Compress the document by reducing image resolution and other compression algorithims.
Linearize the document to make it better viewable on the web.

Given the basic flow described above, you may be tempted to do this:

Upload the PDF
Kick off the Compress job
Check until done
Download the compressed PDF
Upload the PDF
Kick off the Linearize job
Check until done
Download the compressed and linearized PDF

This wouldn’t require much code, but we can simplify the process by using the result of the compress job—once it's complete—as the source for the linearize job. This gives us the following streamlined flow:

Upload the PDF
Kick off the Compress job
Check until done
Kick off the Linearize job
Check until done
Download the compressed and linearized PDF

Less is better! Alright, let's look at the code.

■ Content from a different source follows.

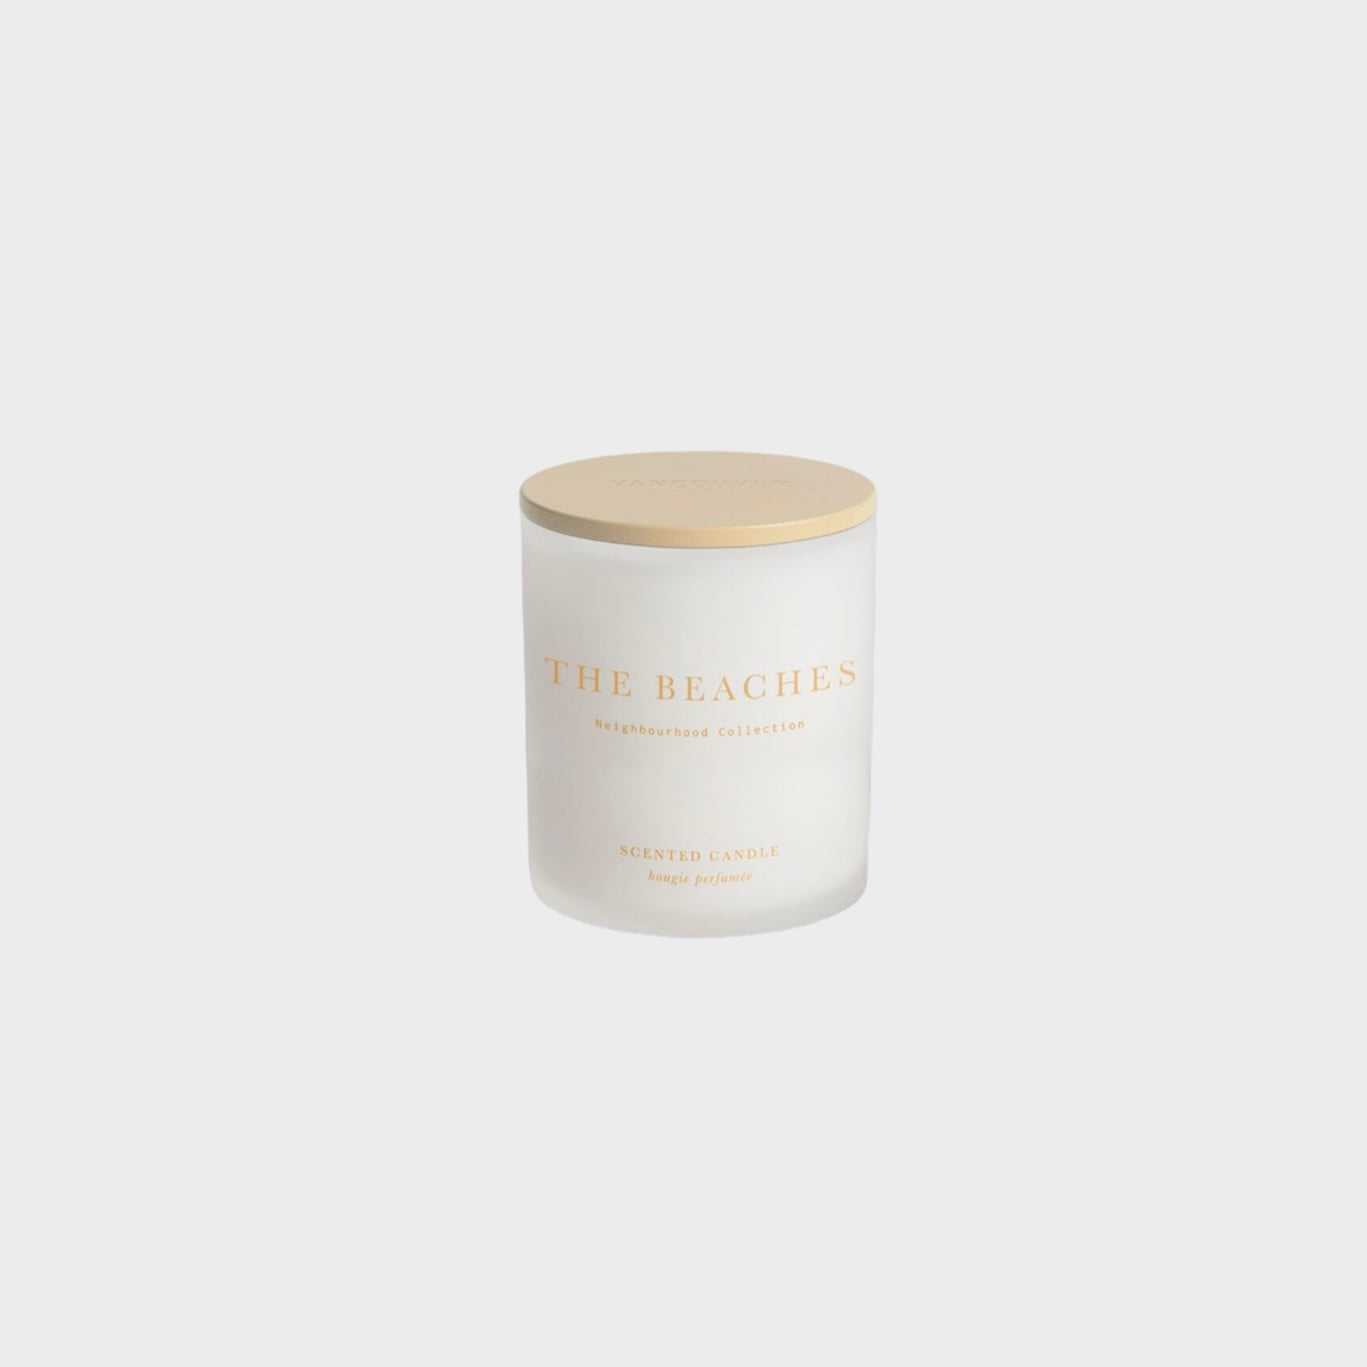 The Beaches Votive Candle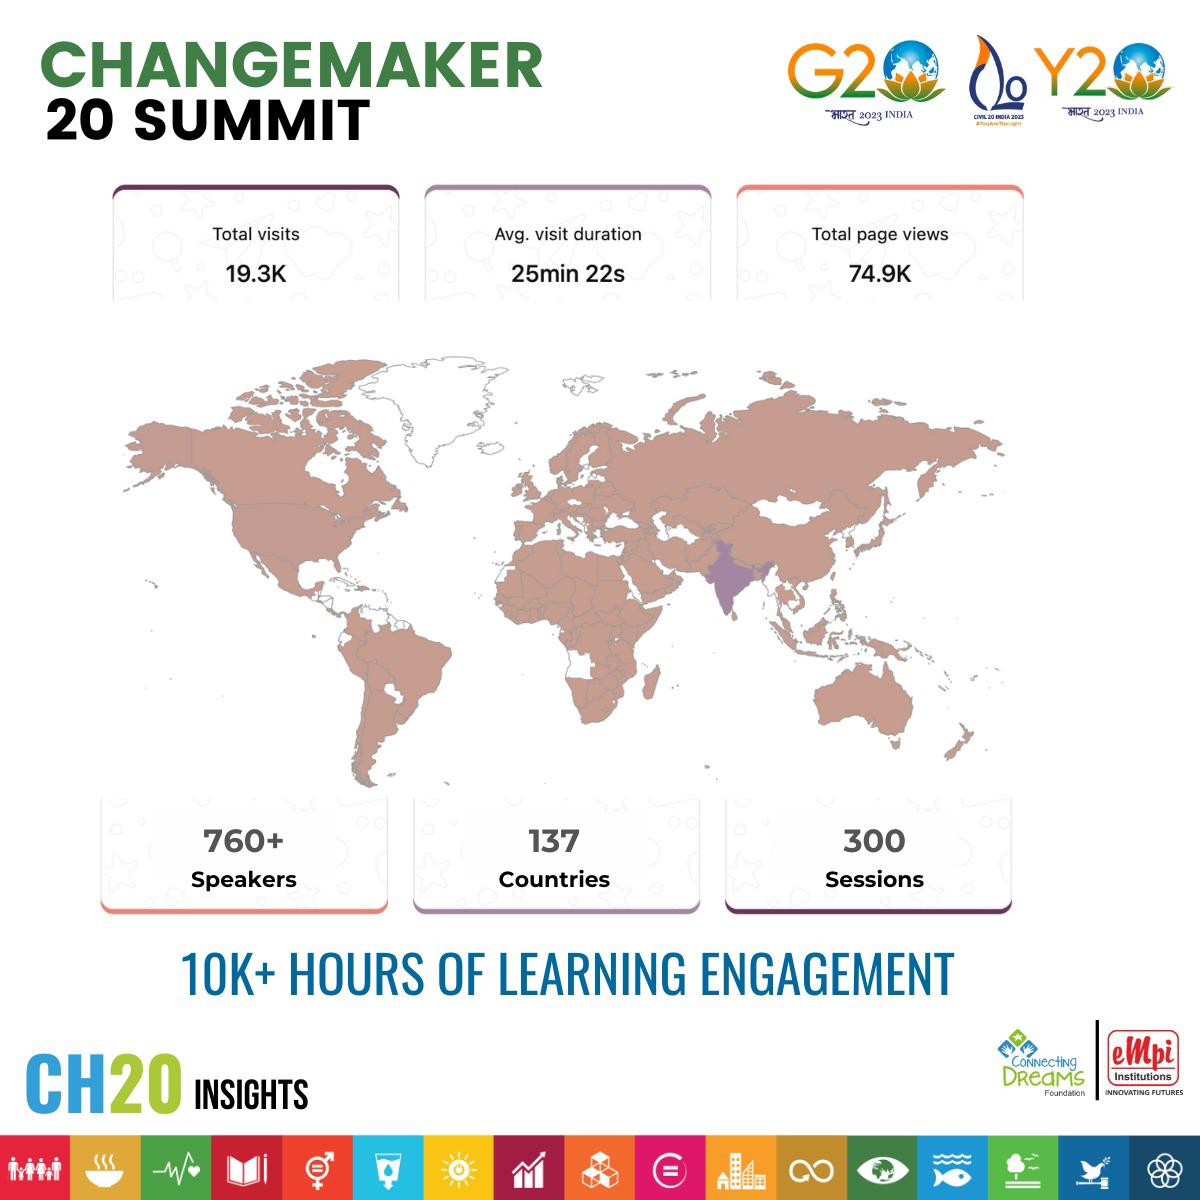 Exciting News! We're gearing up to release the recordings from the game-changing sessions at the #Changemaker20 Summit!  Get ready to amplify the impact of these powerful conversations. Stay tuned for the summit's wisdom to be unleashed! #ChangeMakersUnite' @g20org @IndiaY20 @ANI

First, here's the typical code used to bring in our credentials from the environment, and define the Upload job:

import os
import requests
import sys 
from time import sleep 

CLIENT_ID = os.environ.get('CLIENT_ID')
CLIENT_SECRET = os.environ.get('CLIENT_SECRET')
HOST = os.environ.get('HOST')

def uploadDoc(path, id, secret):

    headers = {
        "client_id":id,
        "client_secret":secret
    }

    with open(path, 'rb') as f:
        files = {'file': f}

        request = requests.post(f"{HOST}/pdf-services/api/documents/upload", files=files, headers=headers)
        return request.json()

Next, here are two utility methods to wrap calling Compress and Linearize:

def compressPDF(doc, level, id, secret):

    headers = {
        "client_id":id,
        "client_secret":secret,
        "Content-Type":"application/json"
    }

    body = {
        "documentId":doc,
        "compressionLevel":level    
    }

    request = requests.post(f"{HOST}/pdf-services/api/documents/modify/pdf-compress", json=body, headers=headers)
    return request.json()

def linearizePDF(doc, id, secret):

    headers = {
        "client_id":id,
        "client_secret":secret,
        "Content-Type":"application/json"
    }

    body = {
        "documentId":doc
    }

    request = requests.post(f"{HOST}/pdf-services/api/documents/optimize/pdf-linearize", json=body, headers=headers)
    return request.json()

Note that the compressPDF method takes a required level argument that defines the level of compression. From the docs, we can see the supported values are LOW, MEDIUM, and HIGH.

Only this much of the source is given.